L’information publiée le dimanche 20 mai sur le site RTBF citant l’Agence de Presse Française rapporte que le Madagascar connaît un phénomène inquiétant des enlèvements de personnes qui constitue un business lucratif pour de groupes criminels. Depuis plusieurs années le pays est le théâtre d’une inquiétante vague d’enlèvements crapuleux orientée prioritairement contre la communauté indienne, appelée les « Karanas », qui compte environ 15 000 membres. Les autorités se montrent impuissantes face à ce phénomène qui ne cesse de prendre de l’ampleur. Il y avait exactement cinq ans, un citoyen du nom d’André avait été victime d’un braquage organisé par un commando armé devant chez lui. Il a été roué de coups et séquestré pendant une semaine dans le but de lui soutirer une forte rançon, au seul motif qu’il était présumé être riche. La vie de cette communauté a changé de façon irréversible et pour toujours.  «Aujourd’hui, je suis malade dès que j’entends qu’il y a eu un kidnapping en ville, c’est devenu automatique », explique-t-il. Un commando  composé de quatre personnes cagoulées et armées de fusil d’assaut, l’enlève devant son domicile et l’embarque dans une voiture pour une destination inconnue.  Après avoir subi des bastonnades, il sera détenu dans une chambre, ligotés et les yeux bandés.

 

C’est alors que s’engagent rapidement les négociations ente sa famille et les ravisseurs, qui lui rendent sa liberté sept jours plus tard contre une rançon dont il ^préfère plutôt taire le montant.

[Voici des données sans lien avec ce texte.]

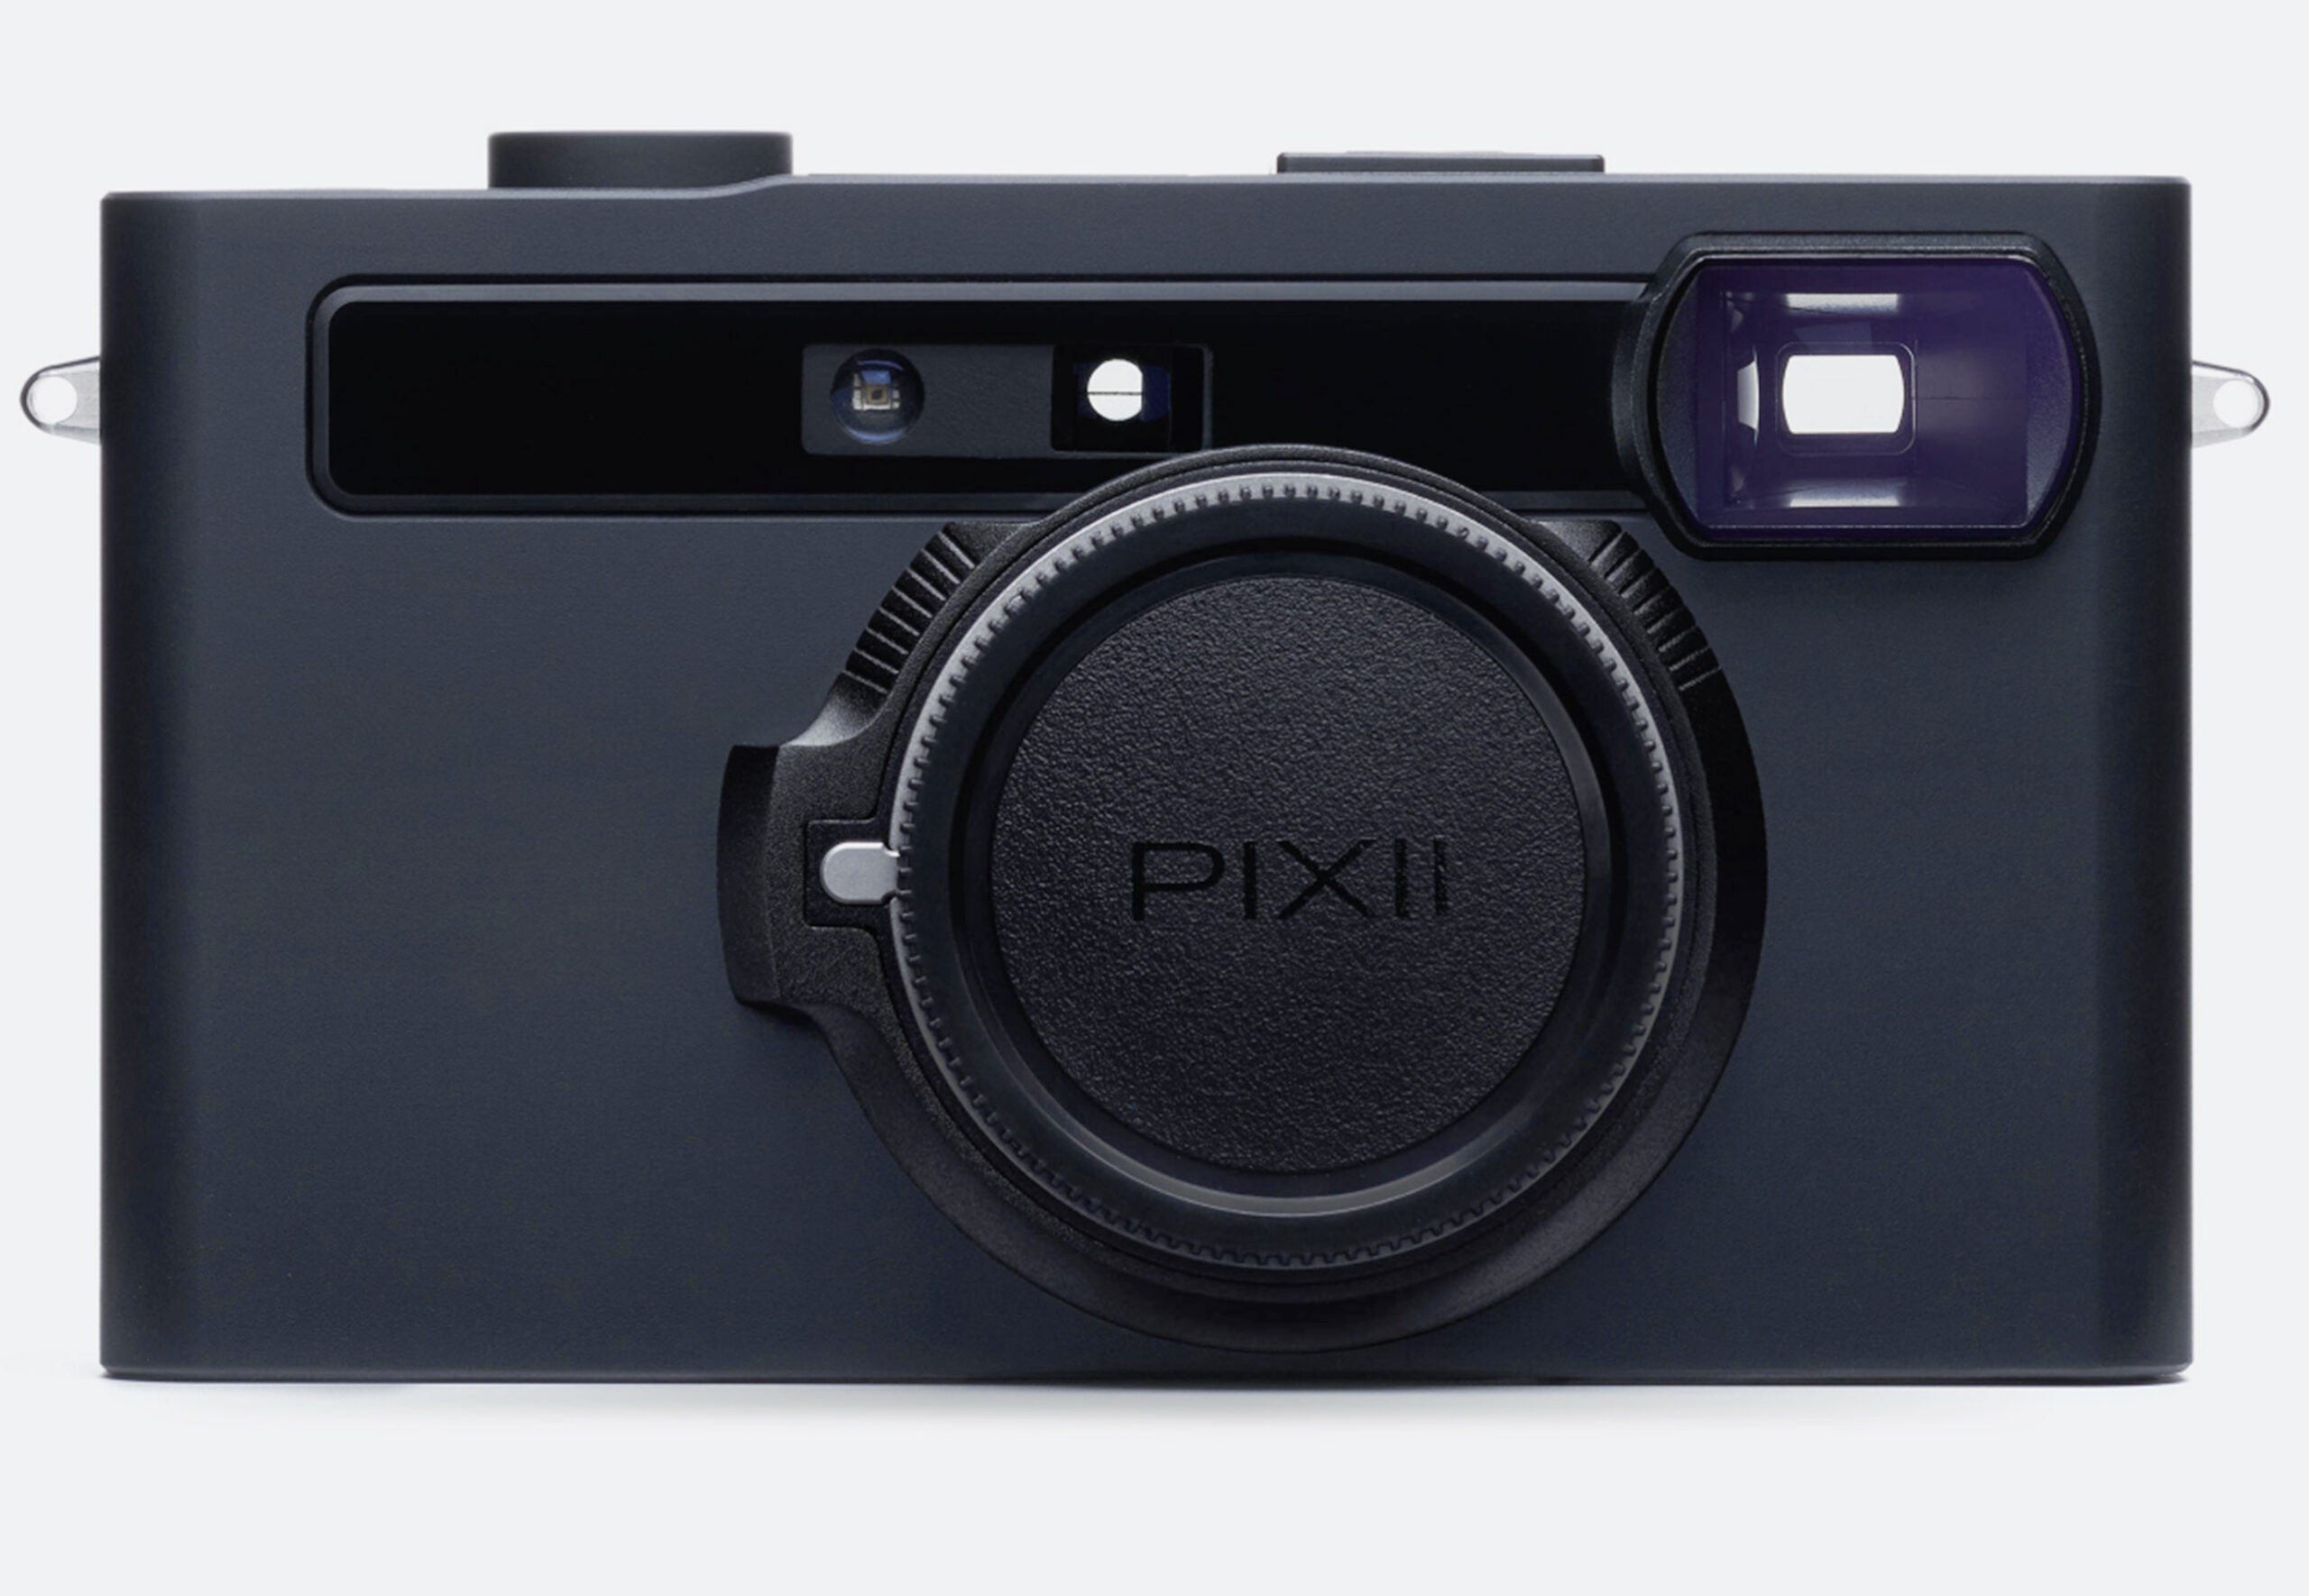 The new Pixii camera
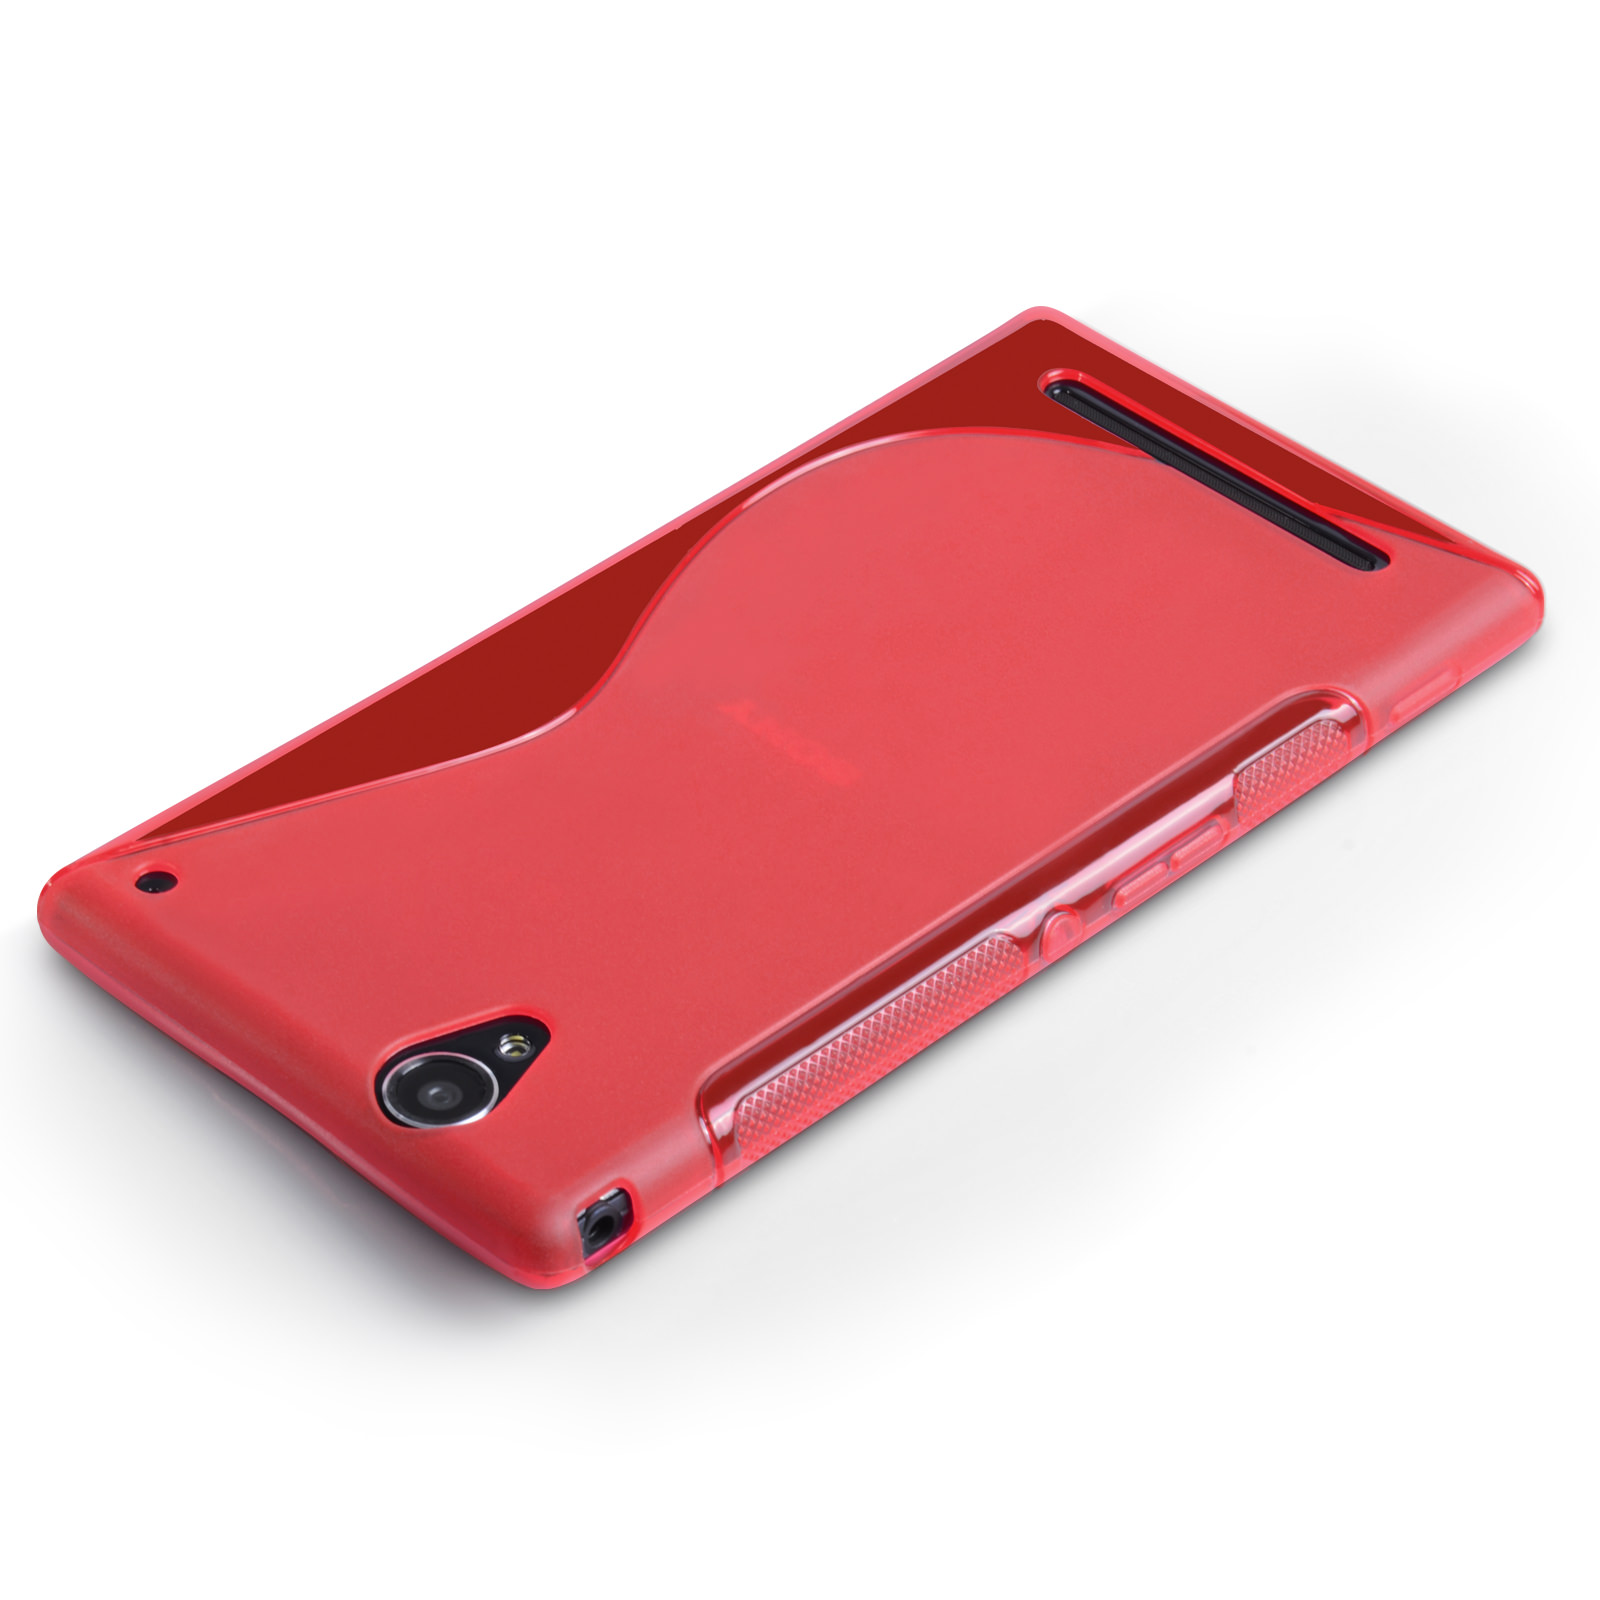 Caseflex Sony Xperia T2 Ultra Silicone Gel S-Line Case - Red

Les Karanas se sont émigrés d’Inde vers Madagascar à la fin du XVIIe siècle. Beaucoup parmi eux ont conservé la nationalité française après les indépendances de 1960. De part leur profession dans le domaine commercial, ils  disposent d’une place importante dans l’économie malgache. Le magazine Forbes  en avait enregistré trois parmi les grosses fortunes du continent africain francophone.  En 2017, le PDG du groupe Axian (Télécom), Hassanein Hiridjee, le patron de Sipromad (entretien), Ilias Akbaraly et le patron  de Galana (pétrolière), Iqbal Rahim. Près de 90% de la population tchadienne vit  avec moins de deux dollars par jour, sa réussite attise toutes les convoitises. Au total une centaine d’enlèvements  recensés et signalés ces dix dernières années visaient la communauté principalement la communauté Karana.

 

Et le phénomène ne fait qu’accélérer. « De ce que l’on sait, on a recensé 14 cas depuis 2017, un record », souligne le directeur  du Collectif français d’origine indienne de Madagascar (CFOIM), Jean-Michel Frachet.  Observant une sorte de discrétion jusqu’ici, le président malgache a récemment diffusé une vidéo sur les réseaux sociaux dans laquelle il regrette la situation « inacceptable » vécue par les membres de la communauté Karana. Il y a pratiquement six mois qu’une cellule spéciale de lutte contre les rapts, comprenant la police, la gendarmerie et la justice malgache a été mie sur pied. « Des investigations et des enquêtes approfondies ont été menées et se poursuivent », a-t-il persisté. La justice commence timidement à s’en mêler. L’an passé, un tribunal a, pour la première fois, administré des peines exemplaires de travaux forcés à perpétuité à une vingtaine de personnes qui avaient participé en 2015 à l’enlèvement de deux adolescents de la communauté Karana. Certains Karana ont choisi de quitter Madagascar uniquement par inquiétude.